Major Competitive Exams play a crucial role in shaping the academic and professional futures of students in India. These exams not only assess knowledge but also test problem-solving skills and time management. Practicing MCQs and objective questions is essential for scoring better, as they help in familiarizing students with the exam format and identifying important questions that frequently appear in tests.

What You Will Practise Here

Key concepts and theories related to major subjects
Important formulas and their applications
Definitions of critical terms and terminologies
Diagrams and illustrations to enhance understanding
Practice questions that mirror actual exam patterns
Strategies for solving objective questions efficiently
Time management techniques for competitive exams

Exam Relevance

The topics covered under Major Competitive Exams are integral to various examinations such as CBSE, State Boards, NEET, and JEE. Students can expect to encounter a mix of conceptual and application-based questions that require a solid understanding of the subjects.
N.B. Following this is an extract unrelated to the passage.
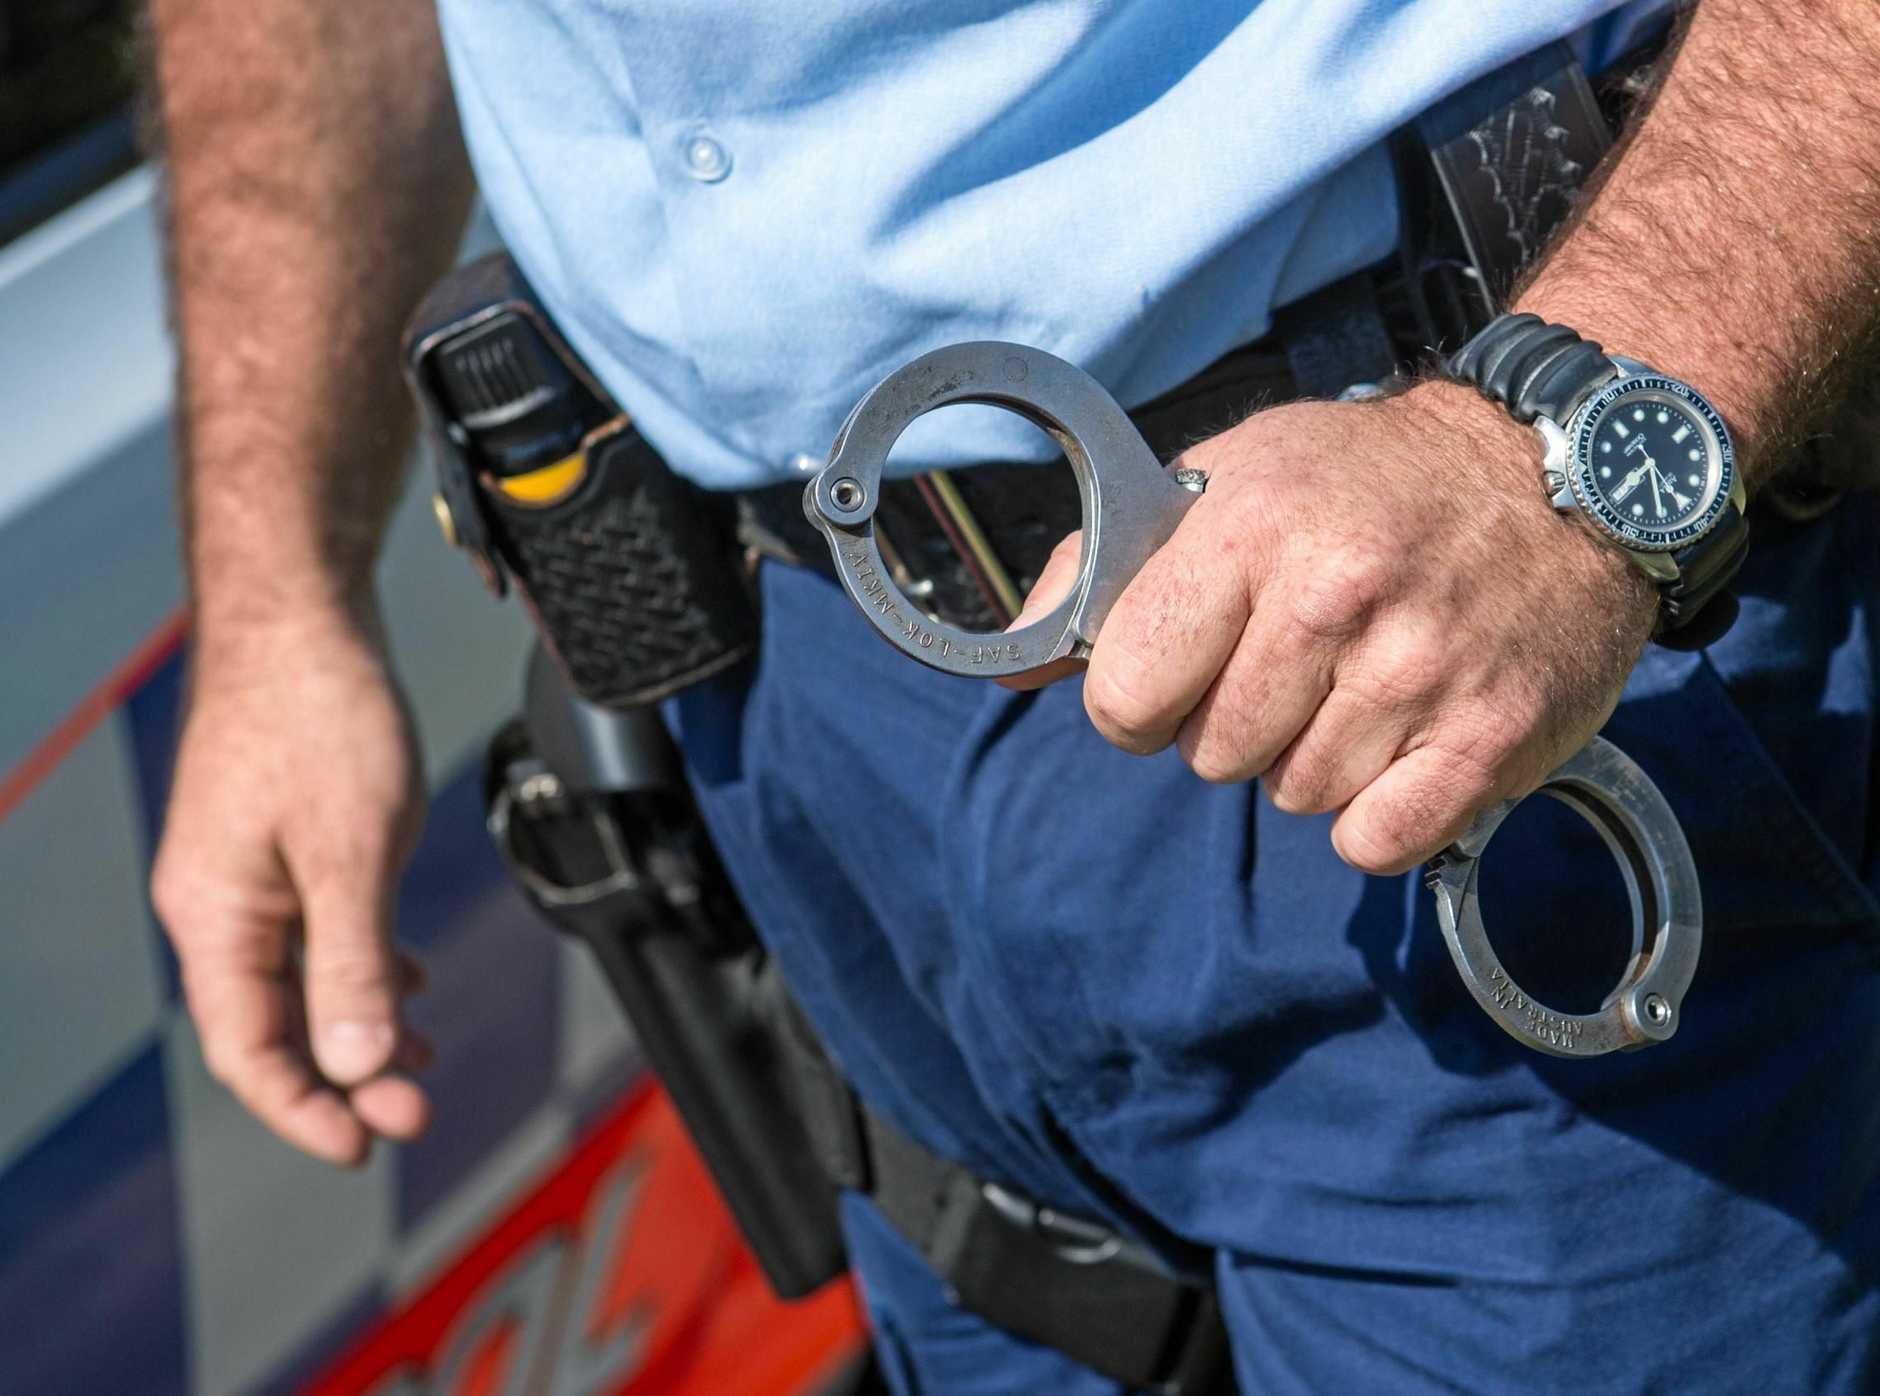 700 acid tabs nabbed at Nimbin aimed for kids, police say

Common question patterns include multiple-choice questions that test both knowledge and analytical skills, making it essential to be well-prepared with practice MCQs.

Common Mistakes Students Make

Rushing through questions without reading them carefully
Overlooking the negative marking scheme in MCQs
Confusing similar concepts or terms
Neglecting to review previous years’ question papers
Failing to manage time effectively during the exam

FAQs

Question: How can I improve my performance in Major Competitive Exams?
Answer: Regular practice of MCQs and understanding key concepts will significantly enhance your performance.

Question: What types of questions should I focus on for these exams?
Answer: Concentrate on important Major Competitive Exams questions that frequently appear in past papers and mock tests.

Question: Are there specific strategies for tackling objective questions?
Answer: Yes, practicing under timed conditions and reviewing mistakes can help develop effective strategies.

Start your journey towards success by solving practice MCQs today! Test your understanding and build confidence for your upcoming exams. Remember, consistent practice is the key to mastering Major Competitive Exams!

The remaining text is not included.